**Description of the task:** For this exercise, please reproduce the records below word for word, from the first line through the line with "Bolha para Moto Citycom 300i Até 2017 Padrão".

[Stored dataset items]

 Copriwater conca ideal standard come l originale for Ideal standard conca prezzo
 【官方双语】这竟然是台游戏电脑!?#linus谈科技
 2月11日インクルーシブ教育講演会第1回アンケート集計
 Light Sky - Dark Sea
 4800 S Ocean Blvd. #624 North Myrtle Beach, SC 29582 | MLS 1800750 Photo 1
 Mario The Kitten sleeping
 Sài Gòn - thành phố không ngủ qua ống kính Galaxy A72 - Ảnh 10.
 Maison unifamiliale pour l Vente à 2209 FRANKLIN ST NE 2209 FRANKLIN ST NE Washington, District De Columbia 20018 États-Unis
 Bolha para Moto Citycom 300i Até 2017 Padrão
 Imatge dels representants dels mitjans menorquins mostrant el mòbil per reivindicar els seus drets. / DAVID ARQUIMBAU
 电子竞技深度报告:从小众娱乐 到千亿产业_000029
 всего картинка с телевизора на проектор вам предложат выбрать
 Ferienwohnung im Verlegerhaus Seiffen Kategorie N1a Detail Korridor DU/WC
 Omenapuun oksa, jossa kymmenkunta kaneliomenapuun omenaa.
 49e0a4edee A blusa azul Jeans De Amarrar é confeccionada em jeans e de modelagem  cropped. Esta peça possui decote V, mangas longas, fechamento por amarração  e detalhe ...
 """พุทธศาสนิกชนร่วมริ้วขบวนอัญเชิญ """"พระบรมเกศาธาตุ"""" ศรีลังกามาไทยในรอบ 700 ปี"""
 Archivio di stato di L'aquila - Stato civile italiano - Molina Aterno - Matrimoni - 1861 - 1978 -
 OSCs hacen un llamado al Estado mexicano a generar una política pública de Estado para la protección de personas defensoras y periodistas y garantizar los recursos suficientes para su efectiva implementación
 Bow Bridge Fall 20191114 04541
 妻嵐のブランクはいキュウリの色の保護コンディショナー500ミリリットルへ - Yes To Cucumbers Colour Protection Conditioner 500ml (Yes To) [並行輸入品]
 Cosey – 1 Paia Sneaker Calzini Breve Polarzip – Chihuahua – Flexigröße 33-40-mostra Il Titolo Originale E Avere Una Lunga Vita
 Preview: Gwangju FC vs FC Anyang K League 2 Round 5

**Result of the task:**
 Copriwater conca ideal standard come l originale for Ideal standard conca prezzo
 【官方双语】这竟然是台游戏电脑!?#linus谈科技
 2月11日インクルーシブ教育講演会第1回アンケート集計
 Light Sky - Dark Sea
 4800 S Ocean Blvd. #624 North Myrtle Beach, SC 29582 | MLS 1800750 Photo 1
 Mario The Kitten sleeping
 Sài Gòn - thành phố không ngủ qua ống kính Galaxy A72 - Ảnh 10.
 Maison unifamiliale pour l Vente à 2209 FRANKLIN ST NE 2209 FRANKLIN ST NE Washington, District De Columbia 20018 États-Unis
 Bolha para Moto Citycom 300i Até 2017 Padrão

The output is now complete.